Alcoholic lung disease is disease of the lungs caused by excessive alcohol. The term 'alcoholic lung disease' is not a generally accepted medical diagnosis, and "the association between alcohol abuse and acute lung injury remains largely unrecognized, even by lung researchers".

Chronic alcohol ingestion impairs multiple critical cellular functions in the lung. These cellular impairments lead to increased susceptibility to the serious complications from a pre-existing lung disease. Recent research cites alcoholic lung disease as comparable to liver disease in alcohol-related mortality. Alcoholics have a higher risk of developing acute respiratory distress syndrome (ARDS) and experience higher rates of mortality from ARDS when compared to non-alcoholics.

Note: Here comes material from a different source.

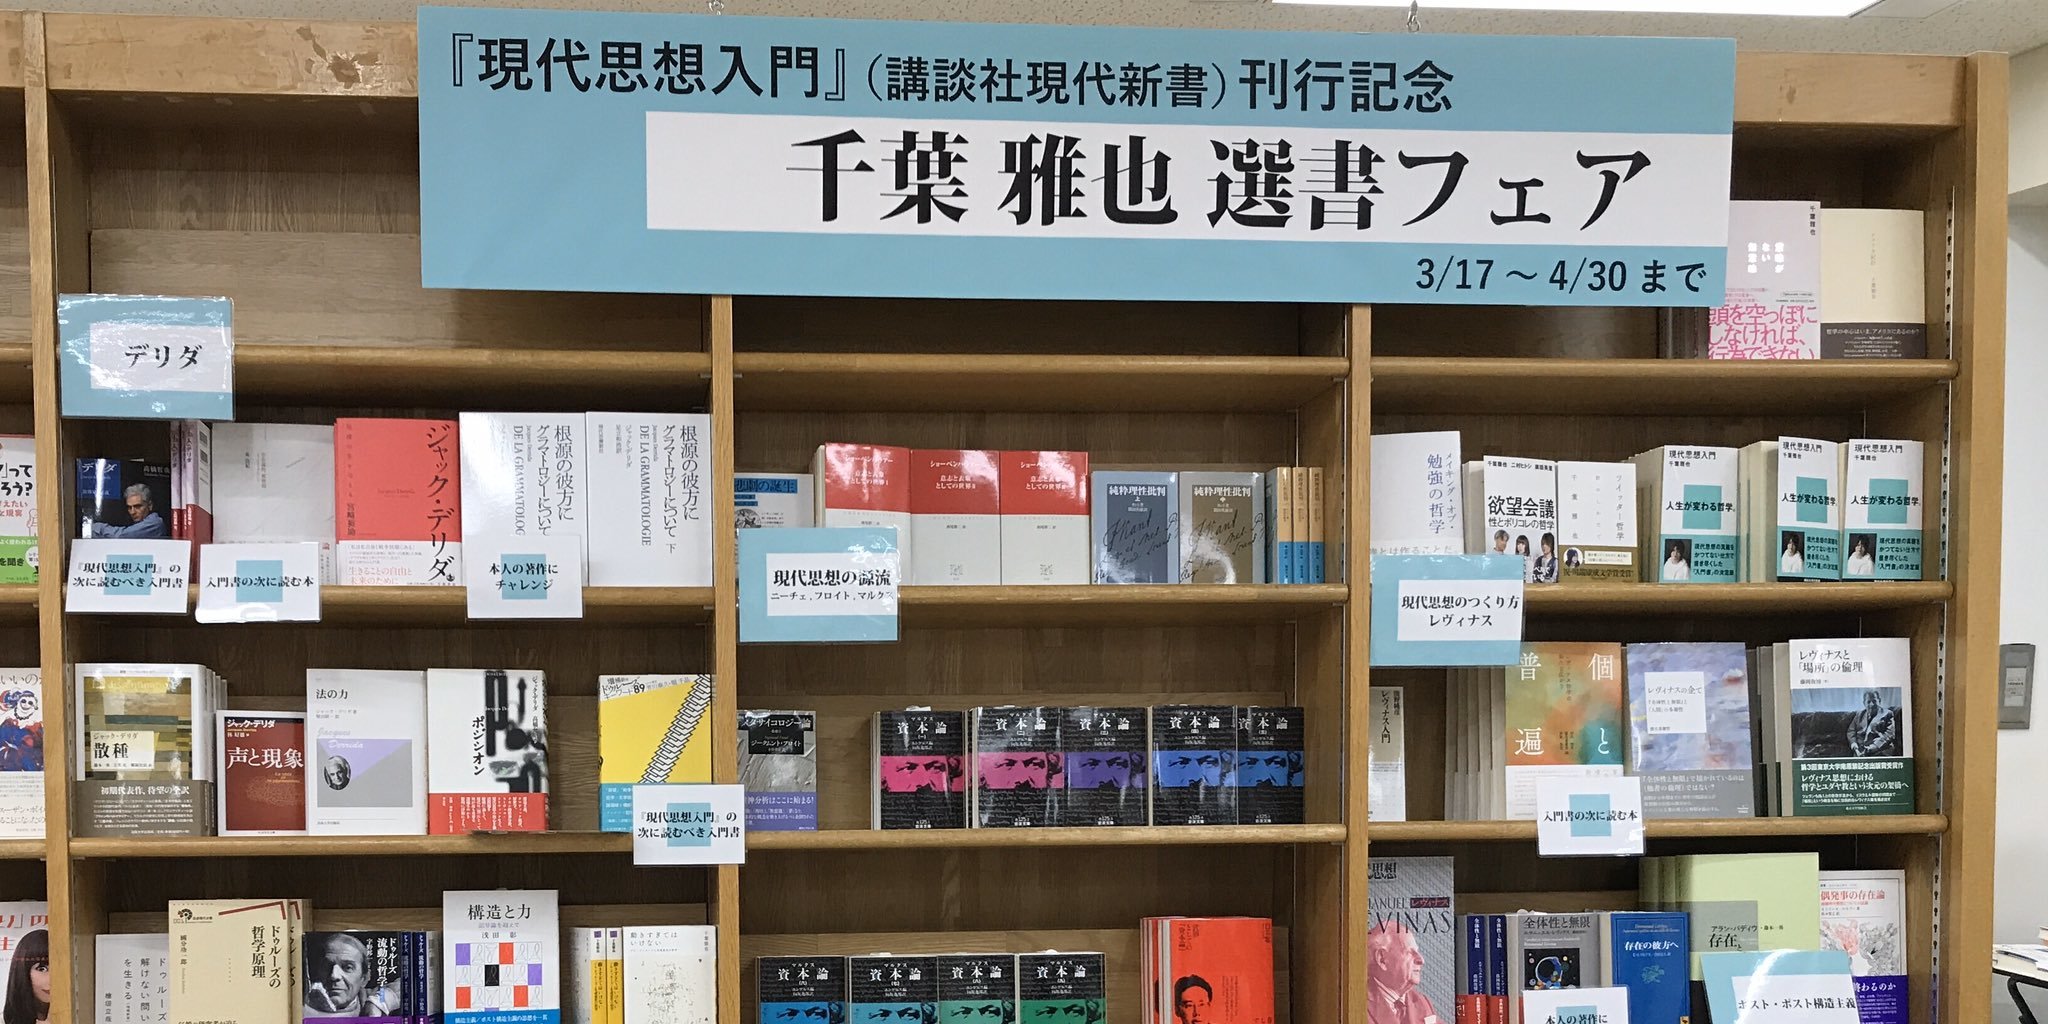 东京某书店的千叶雅也选书角. 图片来自网络.

Alcohol use disorder can cause a susceptibility to infection after major trauma to the lungs / respiratory system. It creates an increased risk of aspiration of gastric acid, microbes from the upper part of the throat, decreased mucus-facilitated clearance of bacterial pathogens from the upper airway and impaired pulmonary host defenses. This increased colonization by pathogenic organisms, combined with the acute intoxicating effects of alcohol and the subsequent depression of the normally protective gag and cough reflexes, leads to more frequent and severe pneumonia from gram-negative organisms. Defects in the function of the upper airway's clearance mechanisms in alcoholic patients have been detected.

==Cause==
Pneumonia is a form of acute respiratory infection that affects the lung parenchyma and oxygenation. When a patient with pneumonia is an alcoholic, the mortality rate exceeds by 50% if they are placed into intensive care (ICU). According to Kershaw, C 2008 page 1, "[a]s of 2001, pneumonia was the sixth most common cause of death in the United States".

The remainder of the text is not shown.